The scale of art is an endlessly interesting consideration, with a huge effect on the viewer. Every artist gets involved in this issue each time a work of art is conceived, as you have to decide what size the work of art is going to be. At present, we seem to live in a world of extremes - there are diminutive, often gem like creations and then there are the colossal works which often have trouble fitting even into large public spaces. These are works conceived for viewing from a long distance, with the art often dominating the space in dramatic and often vividly coloured fashion, with robust content and form. Perhaps an obvious example of a large canvas is Picasso's passionate antiwar Guernica, measuring 11 x 25.6 feet, now at the Reina Sofia Museum in Madrid (http://www.museoreinasofia.es/). Viewing gives a visceral jolt, but I always feel I need to back away quite a distance fully to understand its powerful messages.

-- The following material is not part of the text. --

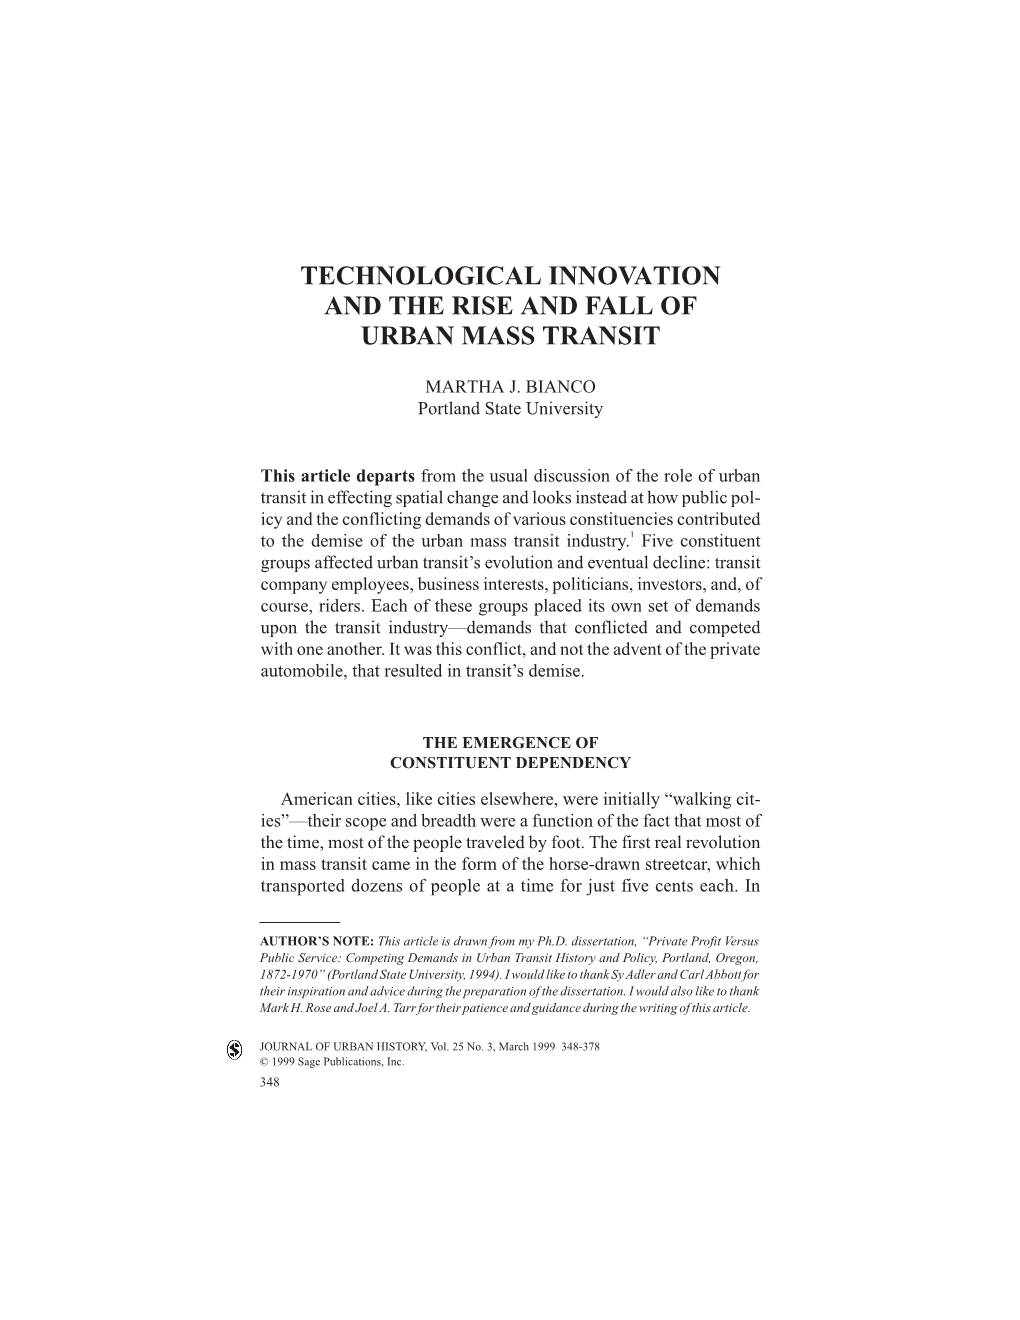 Technological Innovation and the Rise and Fall of Urban Mass Transit

Another series of large paintings that come to mind are the 14 Mark Rothko paintings in the Rothko Chapel adjacent to the Menil Collection in Houston, Texas (http://www.rothkochapel.org/).
Their size, (11 x 15 feet or larger in the triptychs), the chapel built to house them and the general ambiance created by these vast dark canvases are utterly memorable. This is the artist who declared back in 1942, about his and Adolph Gottleib's work, "We favor the simple expression of the complex thought. We are for the large shape because it has the impact of the unequivocal..." Interestingly, in the next decade, he replied to critics who were claiming that he was working on a large scale to compensate for a lack of substance in his paintings. He wrote, "I realise that historically, the function of painting large pictures is painting something very grandiose and pompous. The reason I paint them, however ... is precisely because I want to be very intimate and human. To paint a small picture is to place yourself outside your experience, to look upon an experience as a stereopticon view or with a reducing glass. However you paint the larger picture, you are in it. It isn't something you command!"
And yet, Rothko circles back to what Leonardo said, in terms of the viewer's ideal distance from his paintings. The span of centuries does not change this recommendation: Rothko suggested that eighteen inches are an ideal distance from which to view one of his canvases. Like Leonardo, Rothko knows that at those close quarters, a sense of intimacy leads to a dialogue with the art that can take the viewer far beyond self into the realm of the unknown.